→ **DATA IN THIS EXERCISE**

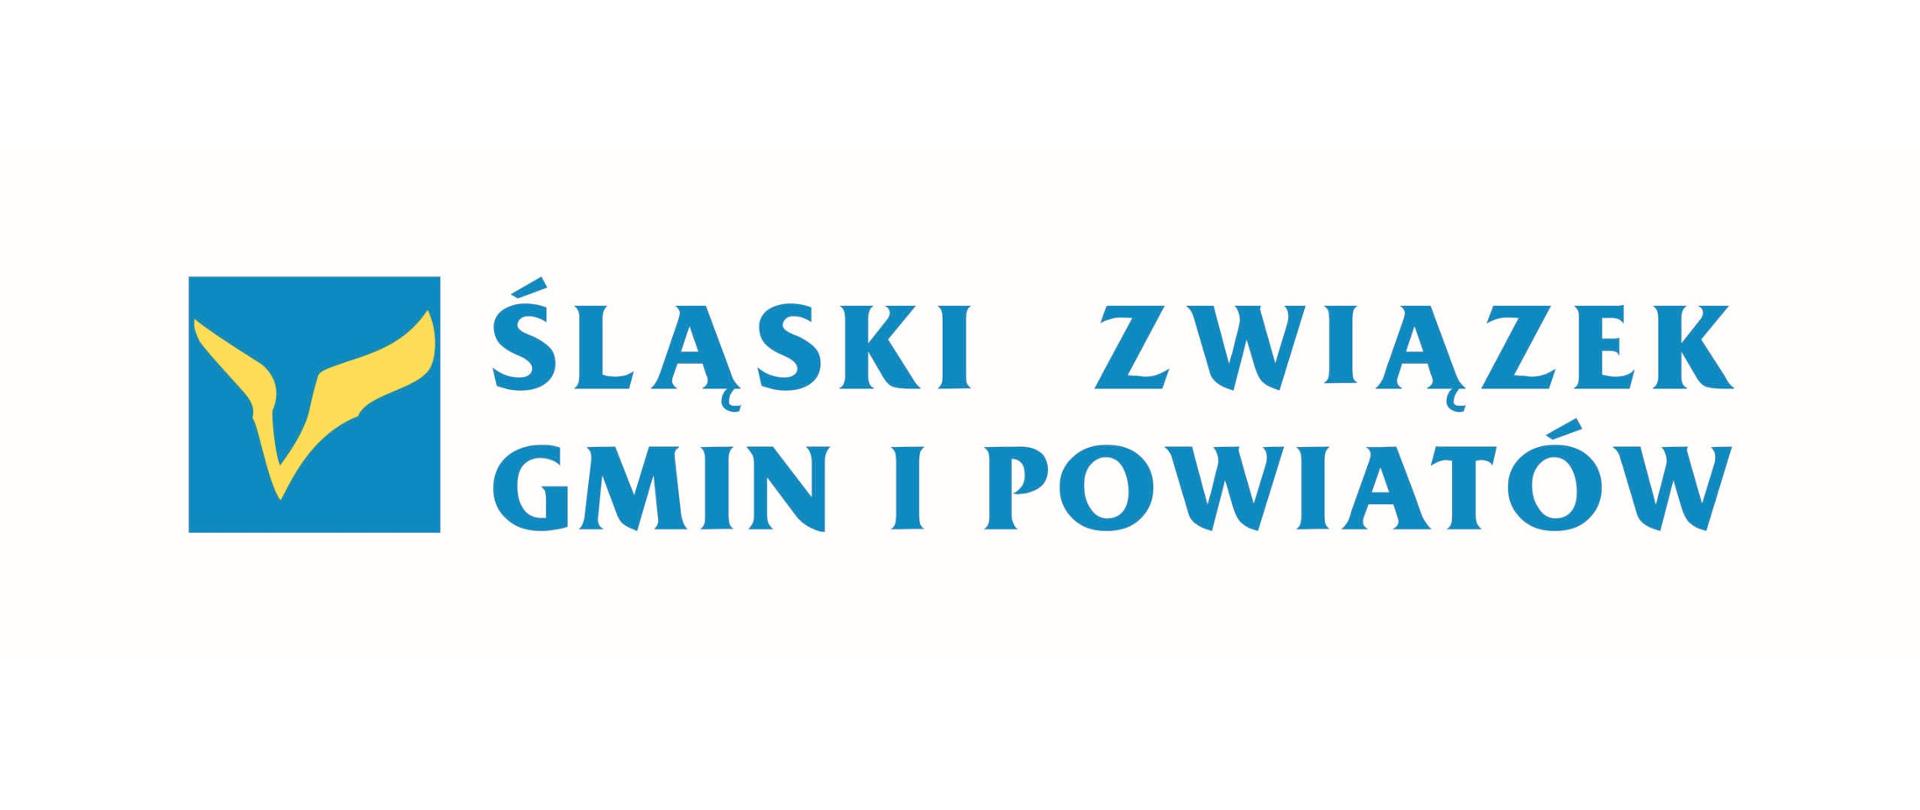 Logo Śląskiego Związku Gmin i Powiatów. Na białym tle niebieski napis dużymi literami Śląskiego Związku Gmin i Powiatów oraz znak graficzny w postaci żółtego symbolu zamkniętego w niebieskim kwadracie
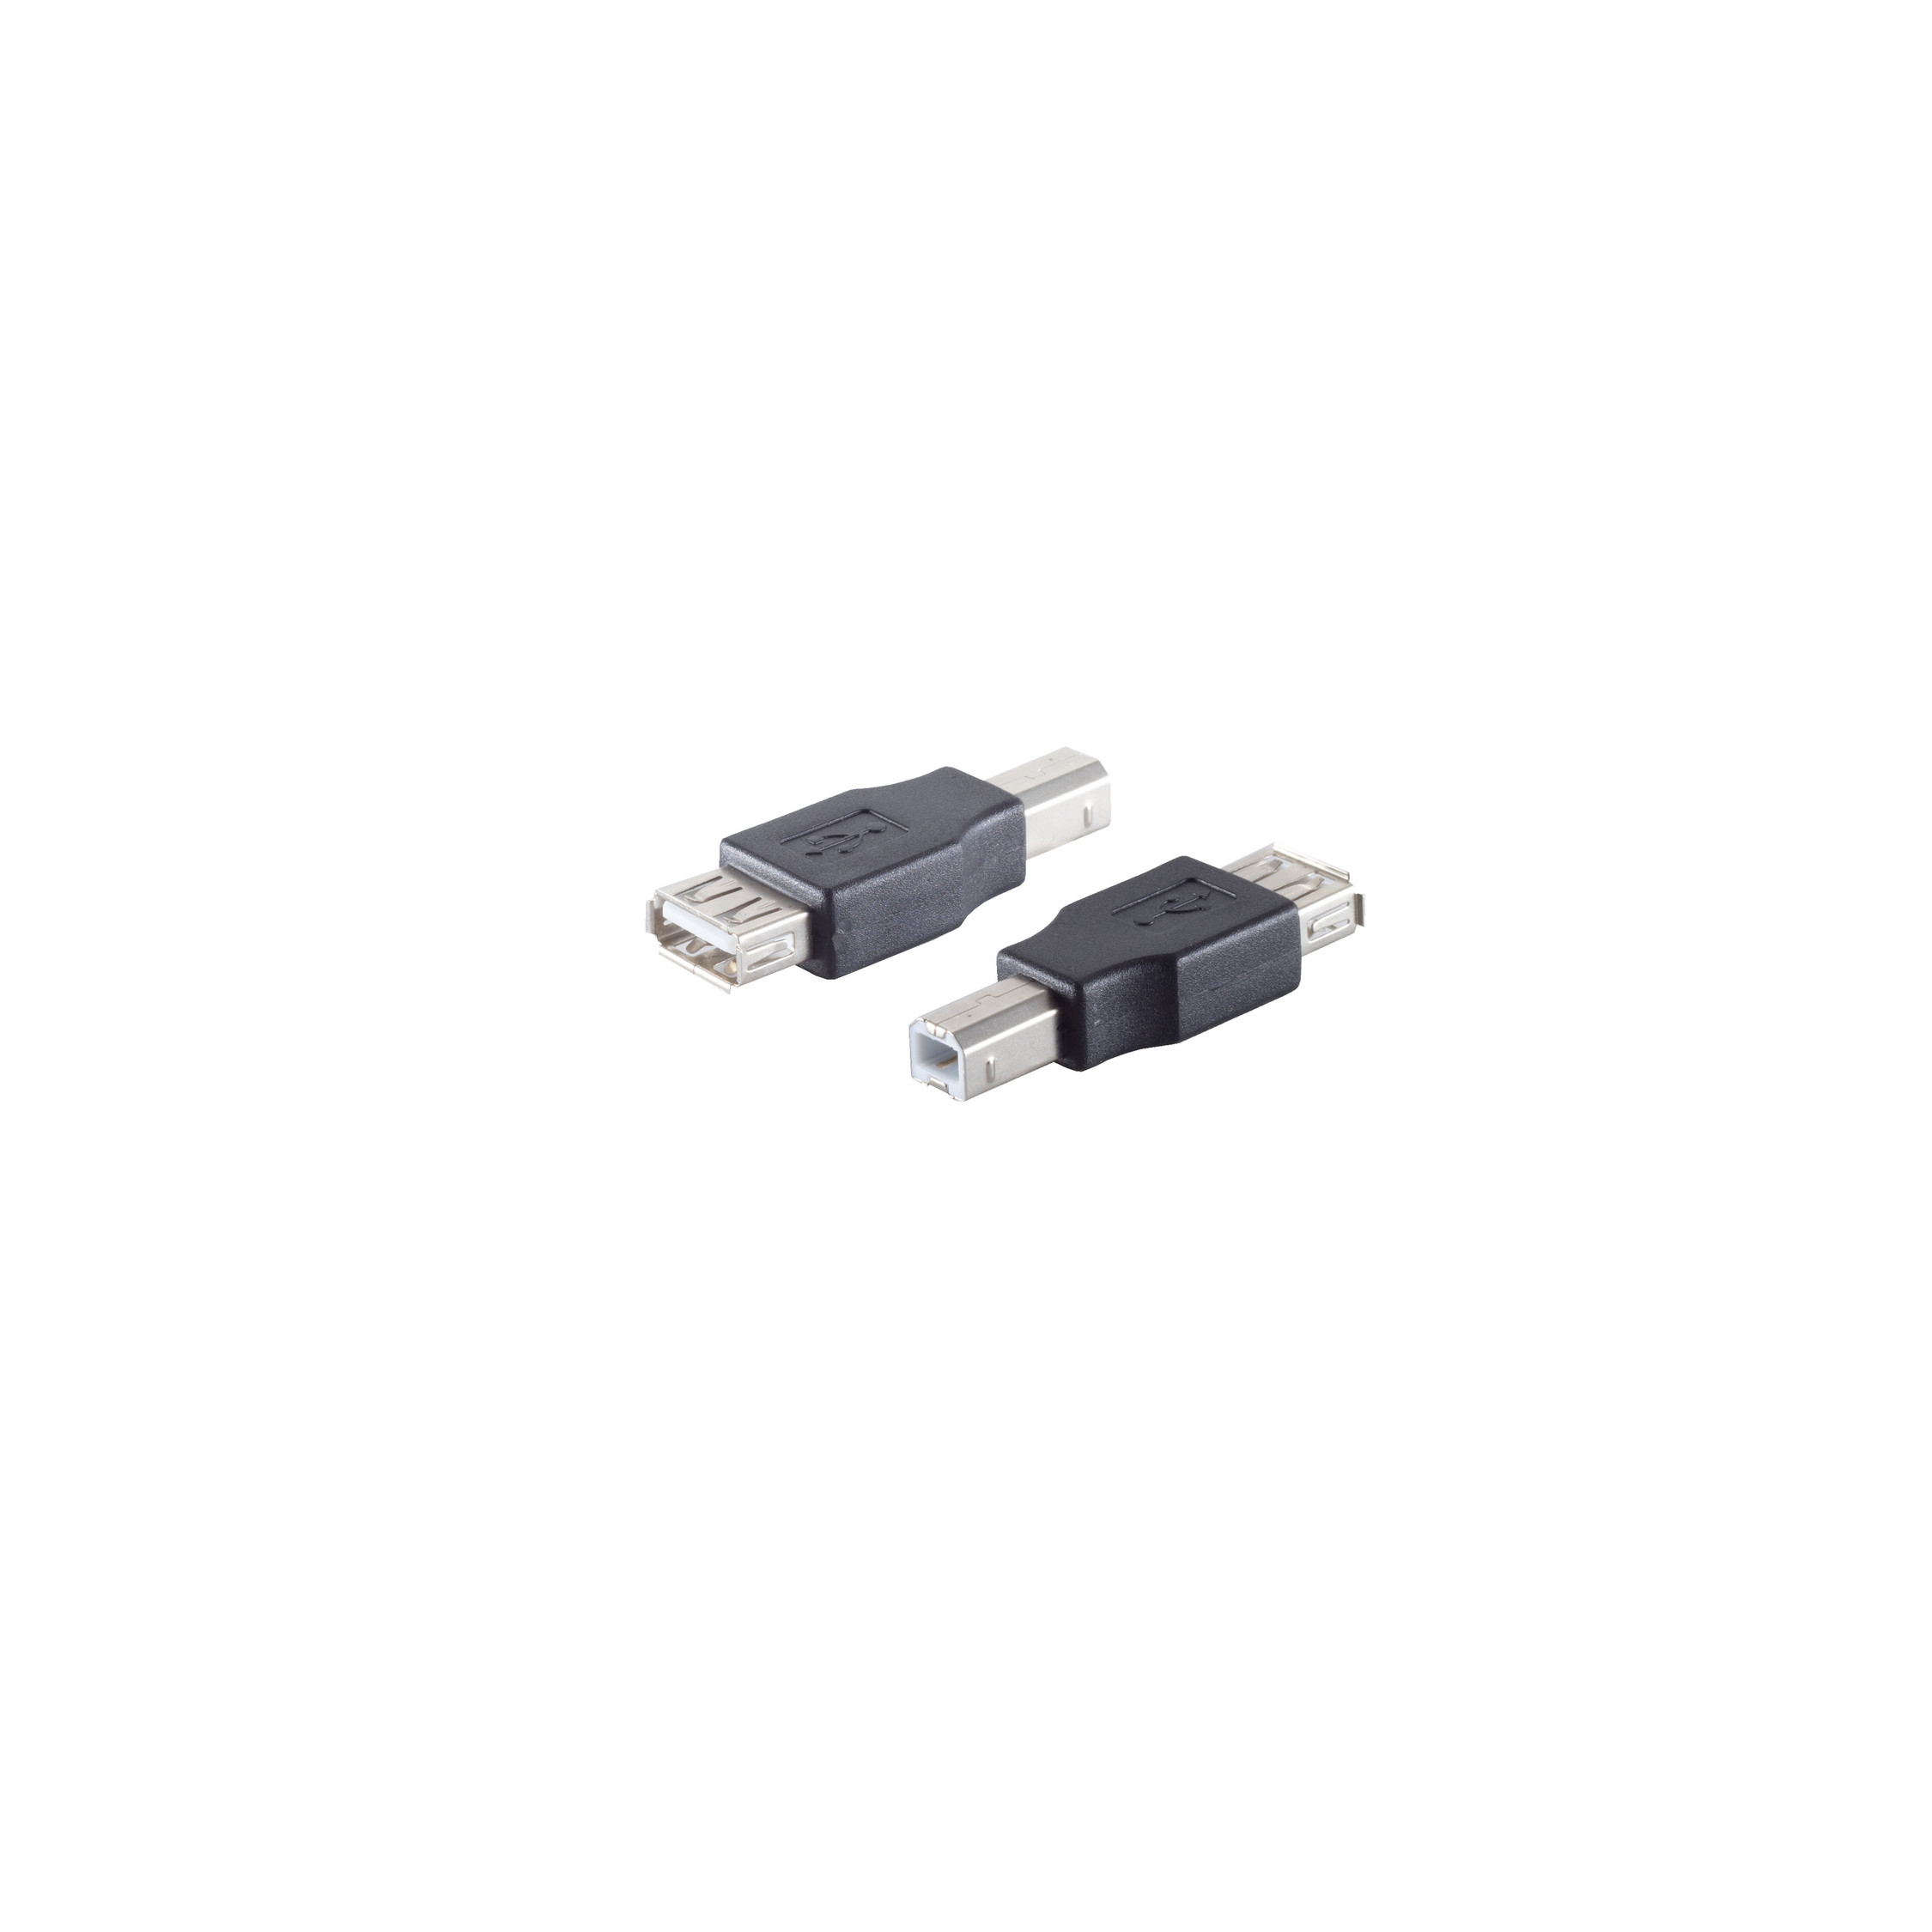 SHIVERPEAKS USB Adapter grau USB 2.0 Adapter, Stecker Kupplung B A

---

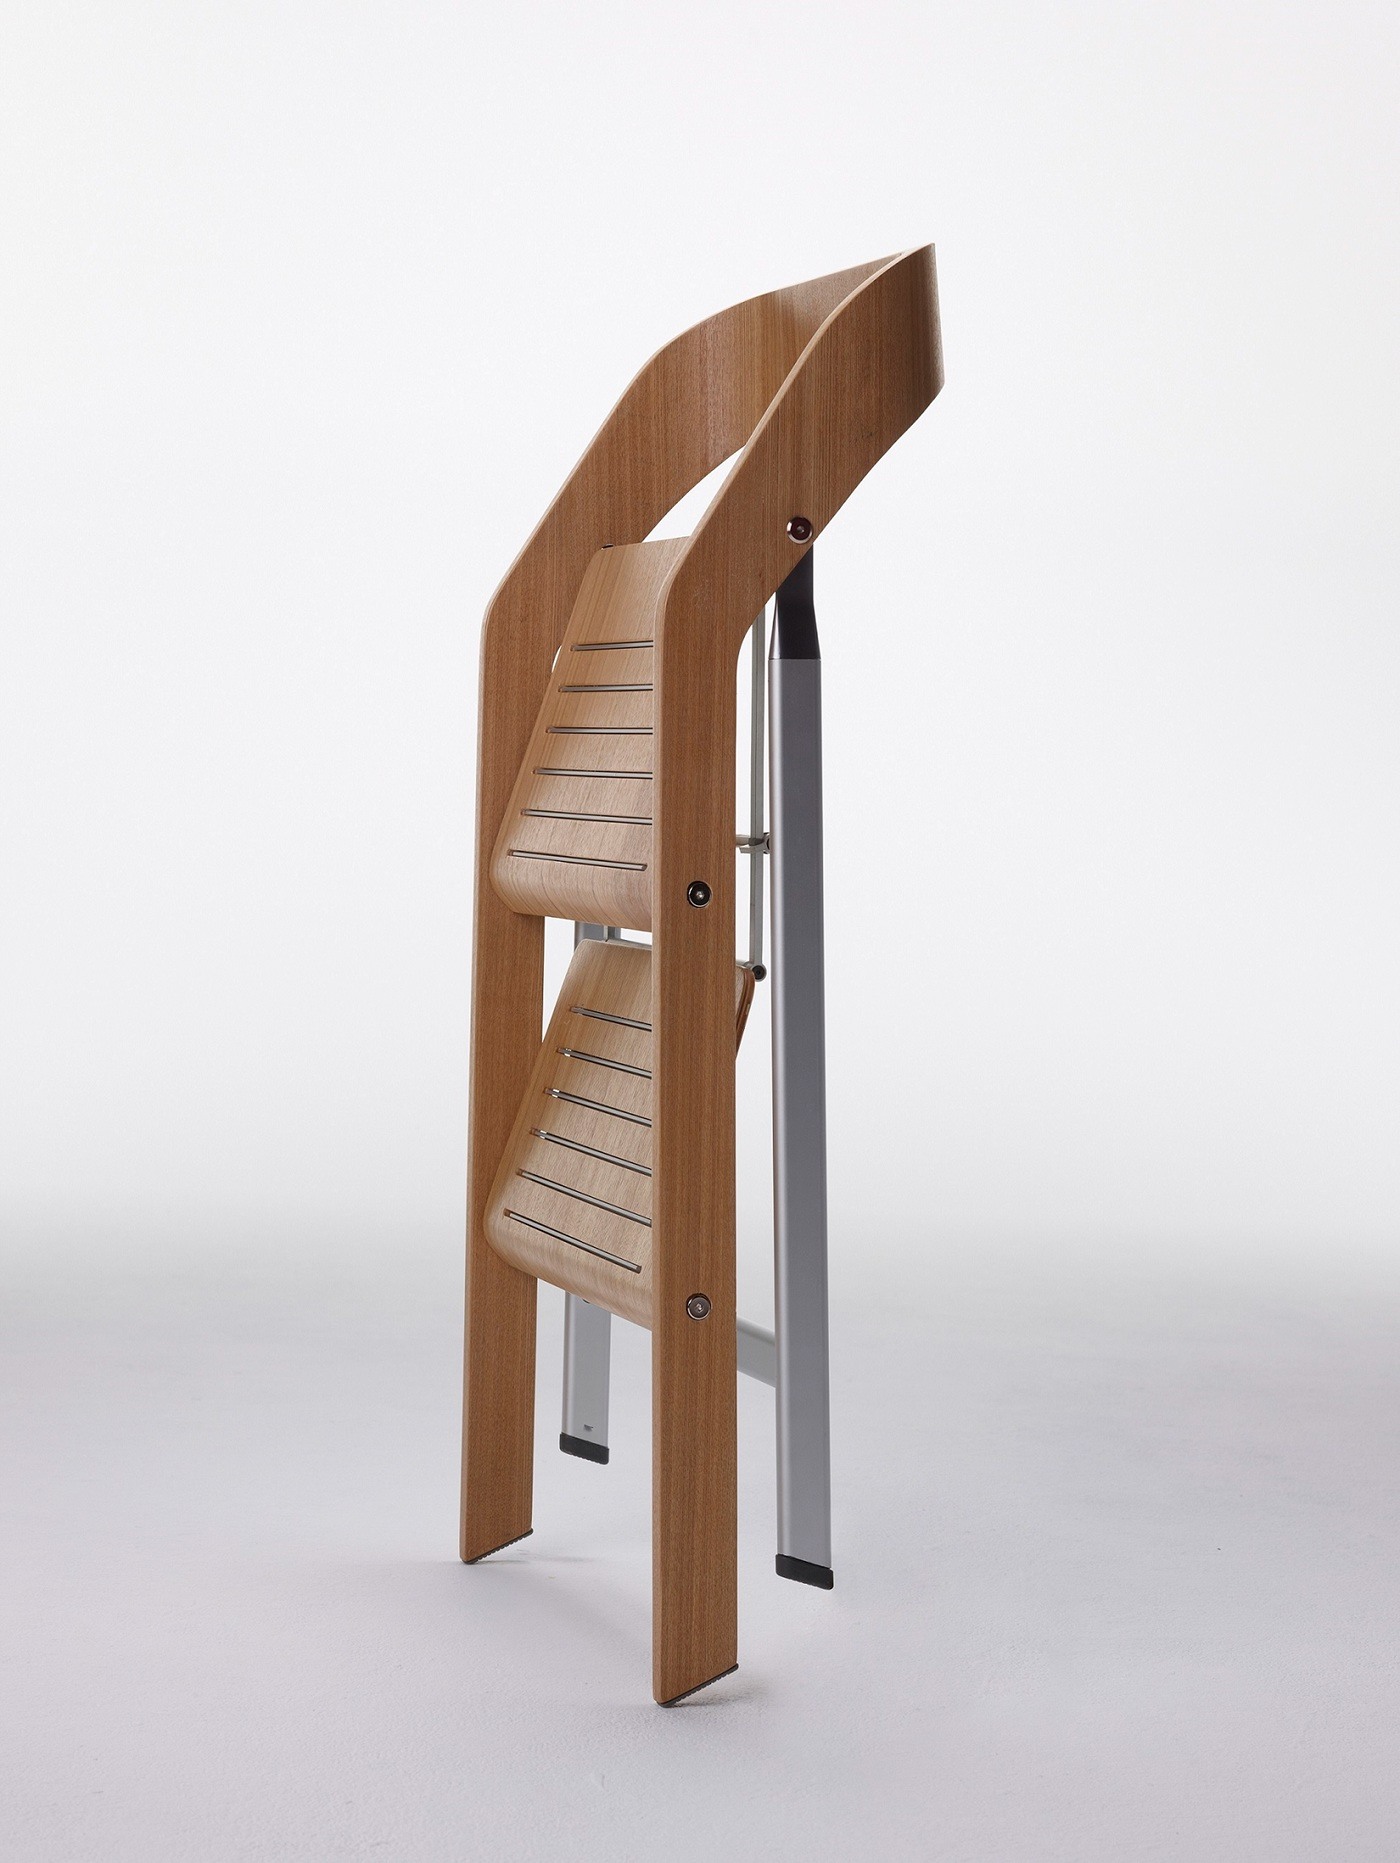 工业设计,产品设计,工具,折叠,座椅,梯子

→ **WORK TO BE COMPLETED**
Repeat, without pictures, exactly the lines of the data above from the one containing "Logo Śląskiego Związku" through the one containing "SHIVERPEAKS USB Adapter", including both and adding nothing.

→ **ANSWER FOR THE TASK**
 Logo Śląskiego Związku Gmin i Powiatów. Na białym tle niebieski napis dużymi literami Śląskiego Związku Gmin i Powiatów oraz znak graficzny w postaci żółtego symbolu zamkniętego w niebieskim kwadracie
 SHIVERPEAKS USB Adapter grau USB 2.0 Adapter, Stecker Kupplung B A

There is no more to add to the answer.